Volkswagen Enters Sri Lanka With Made-in-India Taigun And Virtus

Skoda Auto Volkswagen India (SAVWIPL) on 29 May launched the Volkswagen brand in Sri Lanka through local distributor Continental Cars and Commercials Ltd, kicking off operations with the Taigun SUV and Virtus sedan. Both cars are built at the Chakan plant in Pune and shipped from India under SAVWIPL's export-led regional strategy.
What was announced
Skoda Auto Volkswagen India Pvt Ltd announced the formal entry of the Volkswagen passenger car brand into Sri Lanka on Friday, 29 May 2026. The rollout is handled by local partner Continental Cars and Commercials Ltd, which will manage retail and after-sales. Both launch models, the Taigun mid-size SUV and the Virtus sedan, are manufactured at SAVWIPL's Chakan facility near Pune and exported from India.
SAVWIPL is now using India as the export hub for a full Volkswagen brand rollout, not just shipping cars in ones and twos.
As part of the launch, a 3S (sales, service and spares) dealership has been opened in Sri Jayewardenepura Kotte, on the outskirts of Colombo. SAVWIPL says the workshop is equipped with more than 20 service bays to handle both Taigun and Virtus customers from day one.

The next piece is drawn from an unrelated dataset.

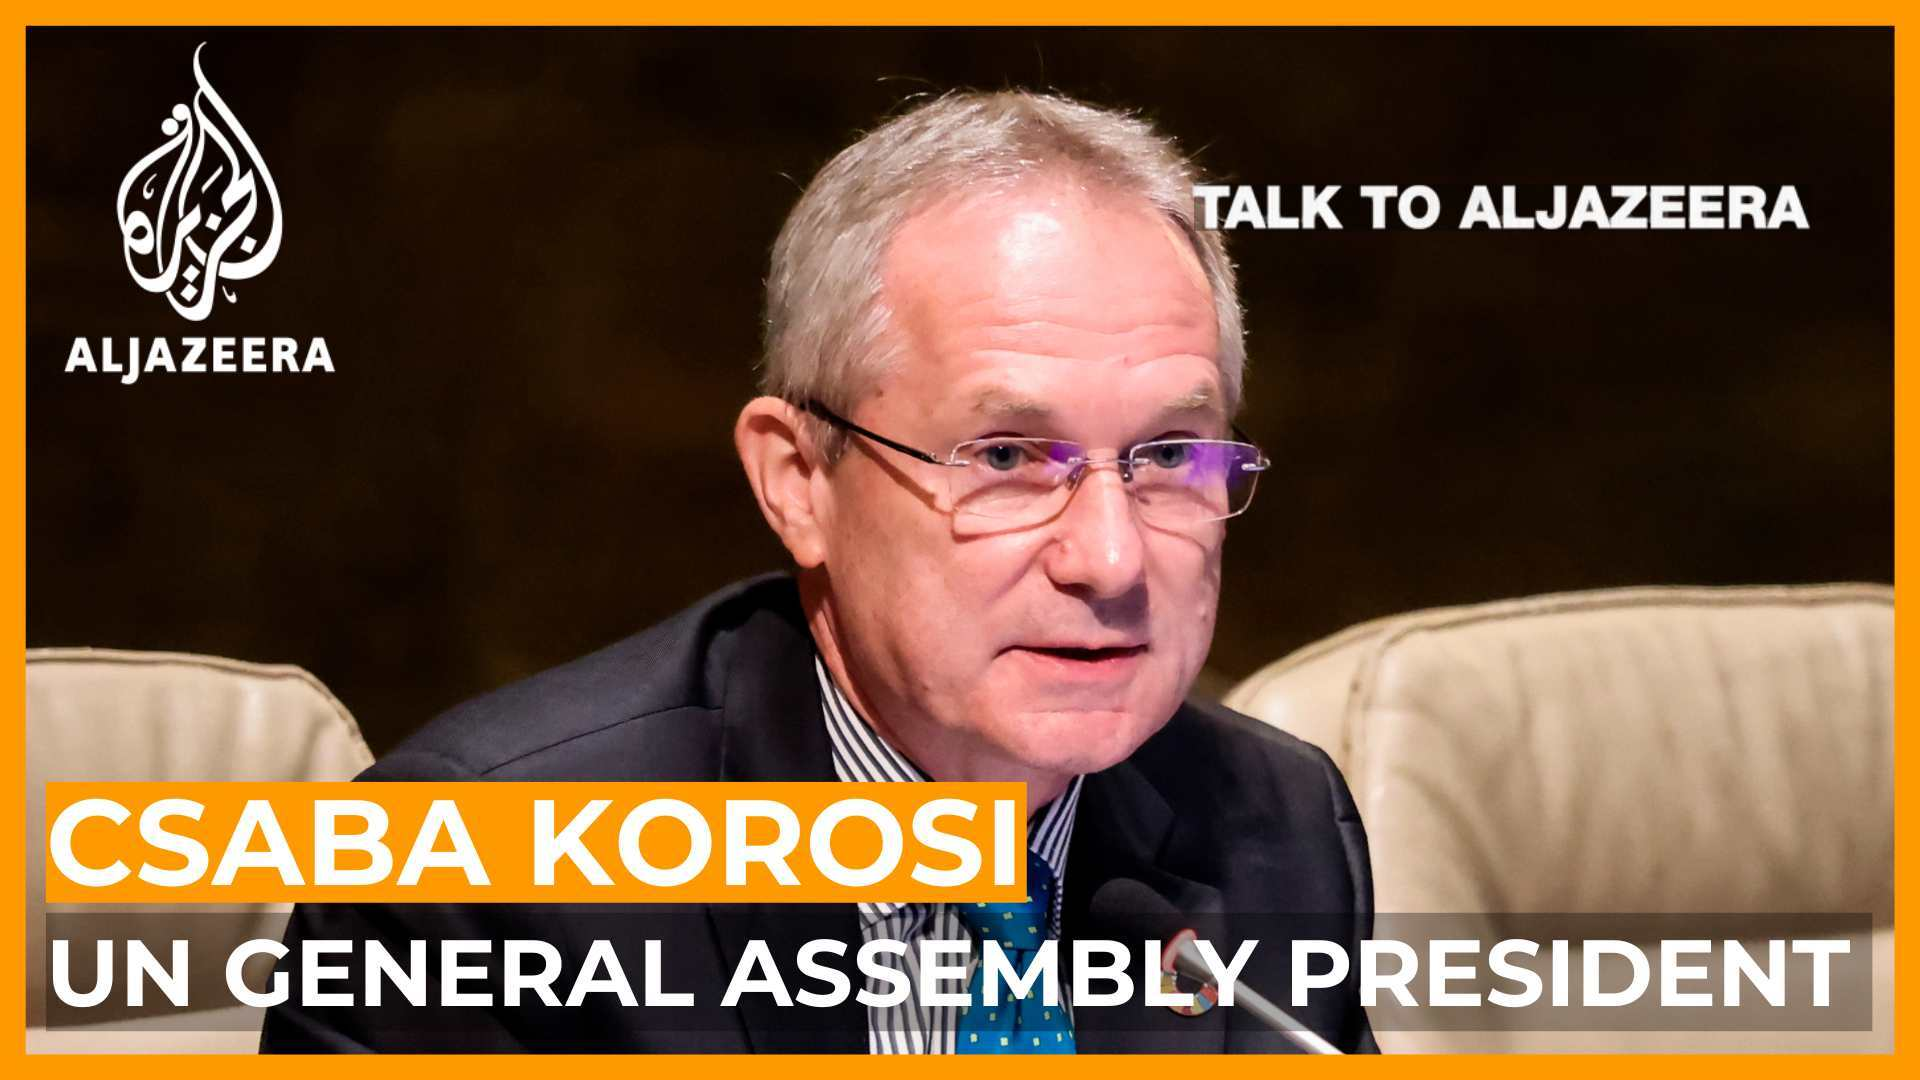 Csaba Korosi: Can the UN be led by those urging peace, not war? | Talk to Al Jazeera

Piyush Arora, MD and CEO of SAVWIPL, said in the announcement: "With our partner Continental Cars and Commercials Ltd, we are proud to introduce Volkswagen in Sri Lanka, beginning with the Taigun SUV and Virtus sedan." The company has not disclosed Sri Lankan pricing or volume targets in the official statement, but confirmed that both cars are part of its India-led export programme that already ships Volkswagen and Skoda models to markets across the Middle East, ASEAN and now South Asia.
| Item | Detail |
|---|---|
| Launch date | 29 May 2026 |
| Models | Taigun SUV, Virtus sedan |
| Built at | Chakan plant, Pune |
| Local partner | Continental Cars and Commercials Ltd |
| Dealership | 3S facility, Sri Jayewardenepura Kotte, 20+ bays |
The Car Jury verdict
This is a quiet but meaningful win for Chakan. Sri Lanka is a small market, but SAVWIPL is now using India as the export hub for a full Volkswagen brand rollout, not just shipping cars in ones and twos. The Taigun and Virtus are the right openers: both are TCJ BUY-rated cars, both run the proven 1.0 and 1.5 TSI petrols, and both have the build quality Indian buyers in the segment quietly envy.

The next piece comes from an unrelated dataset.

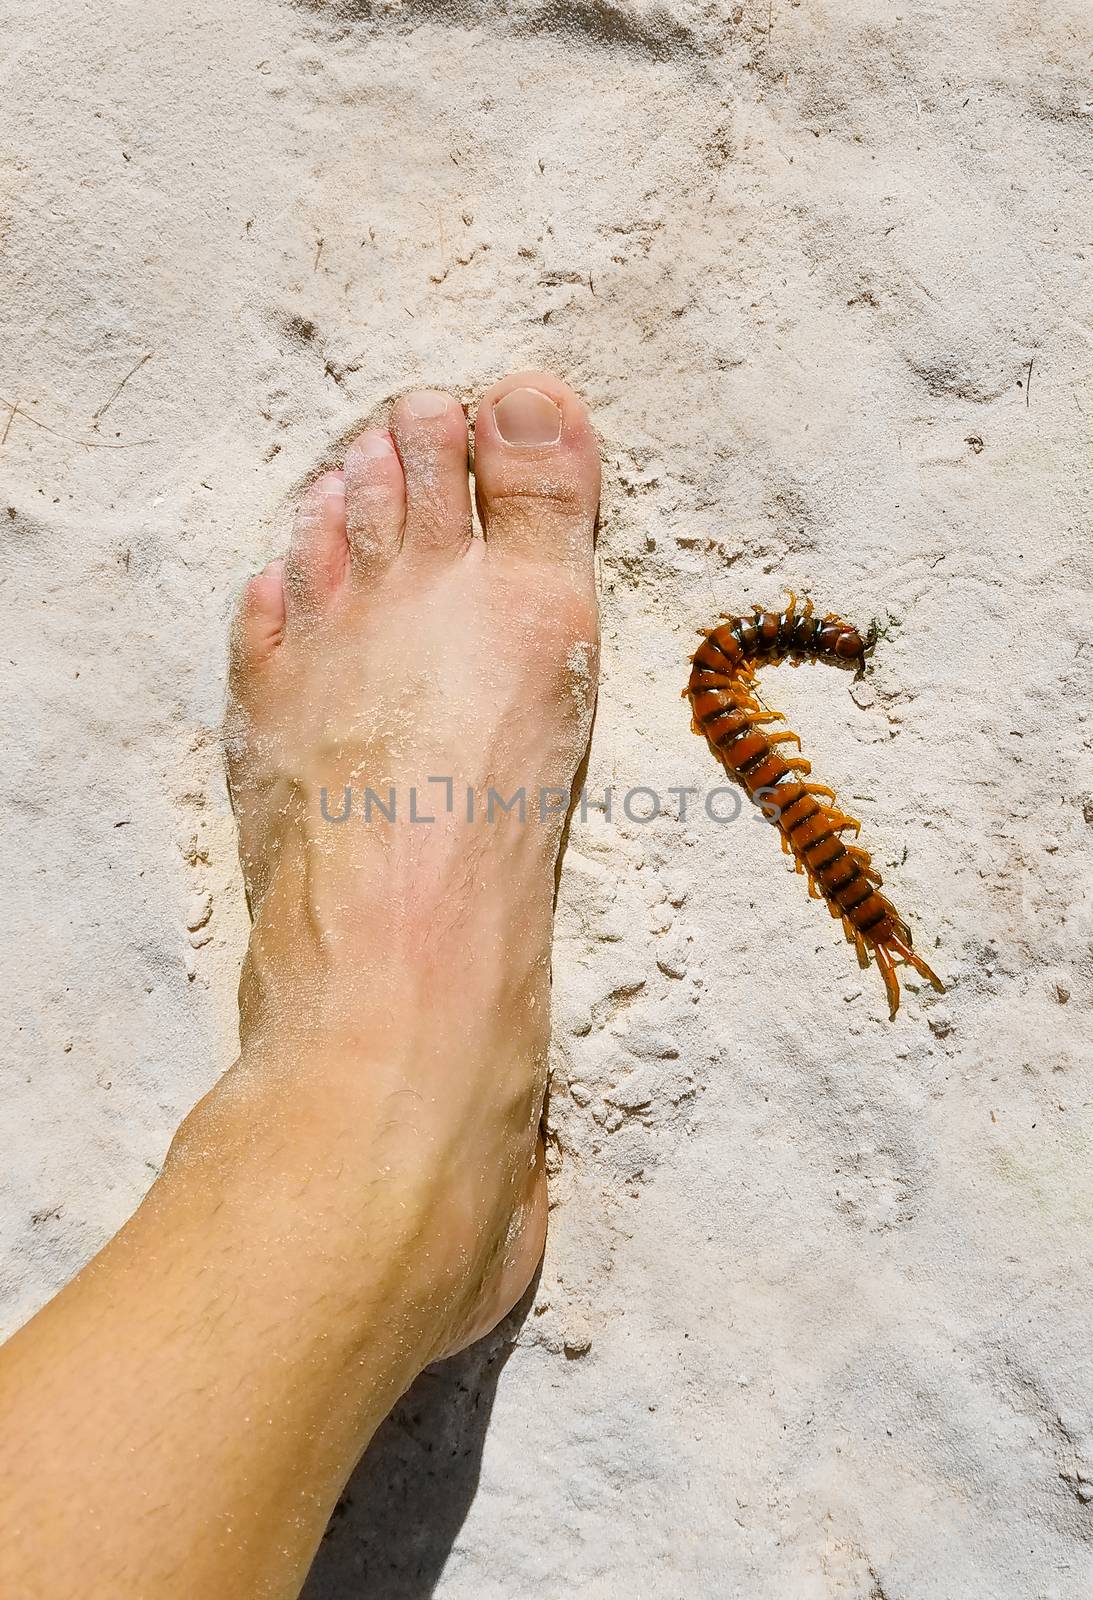 Peruvian giant yellow-leg centipede, or or Amazonian giant centipede, Scolopendra gigantea, compared to a man's foot size 10.5 US, or 43 EU, or 10 UK.

The catch, as Rachit Hirani of MotorOctane has noted about the Taigun's feature set, is that some kit Volkswagen offers elsewhere is still not on these cars. A 3S facility with 20-plus bays near Colombo is a serious commitment, though. For Pune, this is validation; for buyers here, it is a reminder that the India-built Volkswagens are good enough to anchor a country launch.